● **WORK INSTRUCTIONS**
The entries below contain a line with "1843-1866, s. 202" and a line with "1911-1945, s. 46". Quote exactly those two lines and all lines between them.

● **Data excerpts**

-- Opening Marker --

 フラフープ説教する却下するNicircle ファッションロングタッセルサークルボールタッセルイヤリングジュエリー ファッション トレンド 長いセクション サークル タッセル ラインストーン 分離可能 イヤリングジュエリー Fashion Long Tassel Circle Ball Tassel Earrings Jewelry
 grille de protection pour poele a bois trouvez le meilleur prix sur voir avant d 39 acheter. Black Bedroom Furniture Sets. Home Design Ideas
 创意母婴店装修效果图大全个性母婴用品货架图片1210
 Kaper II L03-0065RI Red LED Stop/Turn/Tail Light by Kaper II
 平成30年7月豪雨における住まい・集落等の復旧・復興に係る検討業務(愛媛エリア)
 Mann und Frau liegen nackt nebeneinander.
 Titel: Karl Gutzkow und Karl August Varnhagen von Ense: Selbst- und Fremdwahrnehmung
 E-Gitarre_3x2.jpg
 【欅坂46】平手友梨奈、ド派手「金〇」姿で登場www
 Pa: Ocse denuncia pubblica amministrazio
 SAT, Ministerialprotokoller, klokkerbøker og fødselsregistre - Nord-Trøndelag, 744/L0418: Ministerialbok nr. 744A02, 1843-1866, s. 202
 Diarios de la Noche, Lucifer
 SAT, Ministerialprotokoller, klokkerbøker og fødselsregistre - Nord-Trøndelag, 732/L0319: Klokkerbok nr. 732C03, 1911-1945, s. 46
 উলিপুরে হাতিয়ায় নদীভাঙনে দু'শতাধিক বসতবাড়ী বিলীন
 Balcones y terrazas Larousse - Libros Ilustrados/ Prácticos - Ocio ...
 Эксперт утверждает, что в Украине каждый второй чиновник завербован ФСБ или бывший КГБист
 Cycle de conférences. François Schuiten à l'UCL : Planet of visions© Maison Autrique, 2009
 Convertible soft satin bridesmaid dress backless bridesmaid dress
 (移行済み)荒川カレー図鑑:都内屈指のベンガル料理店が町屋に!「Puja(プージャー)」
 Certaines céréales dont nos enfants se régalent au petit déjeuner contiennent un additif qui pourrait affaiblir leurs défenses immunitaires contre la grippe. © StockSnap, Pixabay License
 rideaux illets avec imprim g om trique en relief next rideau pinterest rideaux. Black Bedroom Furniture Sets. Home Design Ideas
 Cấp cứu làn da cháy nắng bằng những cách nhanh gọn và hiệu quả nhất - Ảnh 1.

-- Closing Marker --

● **OUTPUT OF THE EXERCISE**
 SAT, Ministerialprotokoller, klokkerbøker og fødselsregistre - Nord-Trøndelag, 744/L0418: Ministerialbok nr. 744A02, 1843-1866, s. 202
 Diarios de la Noche, Lucifer
 SAT, Ministerialprotokoller, klokkerbøker og fødselsregistre - Nord-Trøndelag, 732/L0319: Klokkerbok nr. 732C03, 1911-1945, s. 46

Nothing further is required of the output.